У 1997 г.

ИНСТИТУТ ЭКСПЕРИМЕНТАЛЬНОЙ БИОЛОГИИ
И МЕДИЦИНЫ СО АН СССР: СТРАНИЦЫ ИСТОРИИ

Н.А.Куперштох

В медицинских кругах России и других стран хорошо известен Новосибирский научно–исследовательский институт патологии кровообращения. До 1990г. его возглавлял академик АМН, кардиохирург Евгений Николаевич Мешалкин, проработавший здесь до последних своих дней. Институт был создан в 1957 г., а современное свое название получил в 1967 г., уже находясь в составе Министерства здравоохранения РСФСР. В настоящее время институт представляет собой единственный за Уралом комплексный кардиохирургический и кардиологический центр, опыт работы которого нашел широкое распространение благодаря оригинальным способам лечения больных сердечно–сосудистыми заболеваниями.

В 1957 г., когда определялась структура Сибирского отделения, академик С.А.Христианович, один из активных организаторов научного центра, предложил Е.Н.Мешалкину, ученику знаменитого хирурга А.Н.Бакулева, написать обоснование и концепцию института, который предполагали создать под будущего директора. Е.Н.Мешалкин в свои 42 года был известным хирургом, который 10 лет проработал в клинике Бакулева и делал удачные операции при пороках сердца. Во время операции он спас жизнь своему учителю Бакулеву, о чем в своих воспоминаниях с благодарностью пишет В.Бакулева [1].

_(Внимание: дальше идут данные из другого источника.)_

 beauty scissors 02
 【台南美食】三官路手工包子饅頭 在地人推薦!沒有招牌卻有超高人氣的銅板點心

Е.Н.Мешалкин представил оригинальную концепцию будущего института. Впервые в стране предполагалось объединить в одном научно–исследовательском учреждении современные междисциплинарные исследования в теоретических областях физики, химии, биологии, физиологии, а результаты теоретических наработок использовать в практической медицине, для чего создавался клинический отдел, в котором должны были работать практикующие хирурги.

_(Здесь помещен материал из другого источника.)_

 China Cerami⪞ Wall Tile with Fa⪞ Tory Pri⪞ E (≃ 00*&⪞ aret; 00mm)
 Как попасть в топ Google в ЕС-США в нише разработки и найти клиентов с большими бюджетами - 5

Институт формировался из московских специалистов, которые до мая 1960г. работали в Москве, а затем перебрались в Новосибирск. В числе тех, кто начал работать вместе с Мешалкиным в новом институте, были И.А.Медведев, Л.А.Микаэлян, В.И.Францев, В.С.Сергиевский, С.С.Брюханенко, Ю.В.Дроздова, В.Никифоров и др. Институт, еще не имея своего здания, сумел развернуть исследования по нескольким направлениям: хирургии сердца, изучению клещевого энцефалита, вирусного гепатита и др. В течение 1958 – 1960 гг. сотрудники института объехали 51 город страны с целью выявить кардиологических больных. Составлялась картотека будущих пациентов, с тем чтобы при создании нормальных условий для работы их можно было пригласить на лечение. В планах директора было также организовать высококвалифицированное медицинское обслуживание жителей Академгородка [2].

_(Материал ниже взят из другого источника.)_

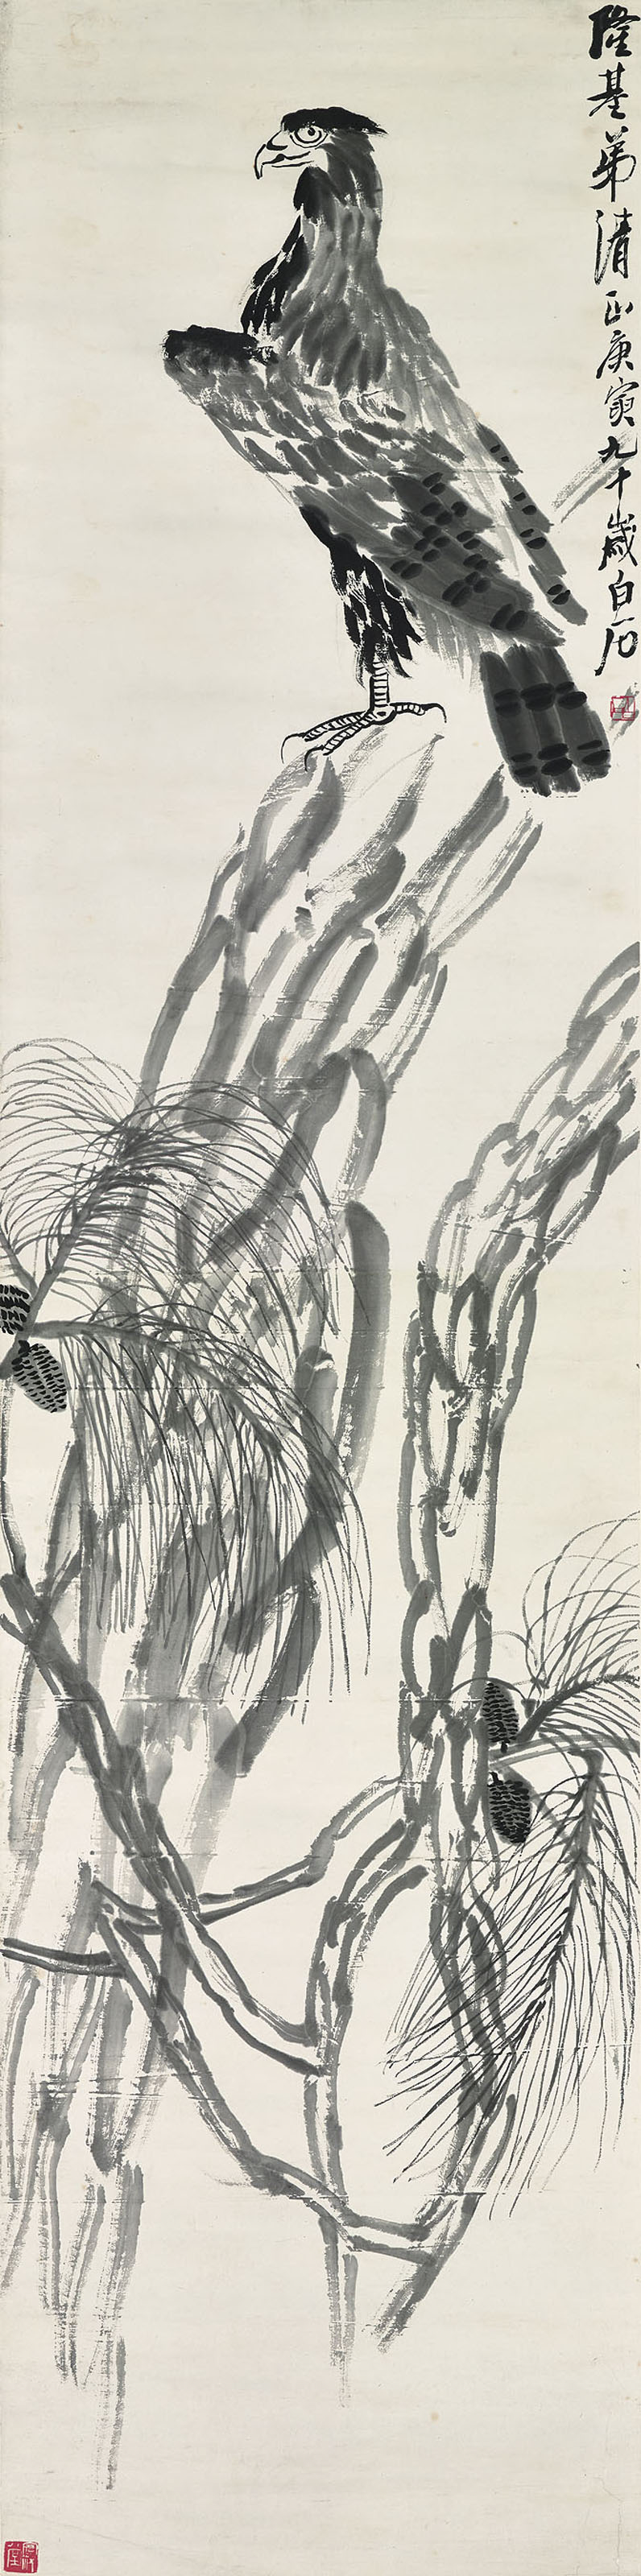 Eagle on Pine Tree

Новый институт быстро приобретал популярность у сибиряков. Успешные операции на сердце и большая профилактическая работа среди населения по предупреждению развития кардиологических заболеваний принесли его директору заслуженное признание: в 1960 г. Е.Н.Мешалкин одним из первых ученых Сибирского отделения стал лауреатом Ленинской премии [3]. Среди его пациентов были и весьма влиятельные люди, которые считали, что институт–клиника нуждается в скорейшем оснащении современными приборами и квалифицированными кадрами. Мешалкин был практикующим хирургом и, являясь директором института, спланировал его кадровый состав таким образом: 900 чел. должны были работать в клиническом отделе, а 300 – в теоретическом. В соответствии с концепцией Сибирского отделения, все институты формировались “под директора”, и потому Мешалкин мог позволить себе такую “роскошь”. Пропорционально кадровому составу должно было распределяться и финансирование между теоретическим и клиническим отделами. Под клинический отдел в Академгородке начали возводить специальный корпус по индивидуальному проекту, который должен был стать крупной клиникой для обследования и лечения пациентов.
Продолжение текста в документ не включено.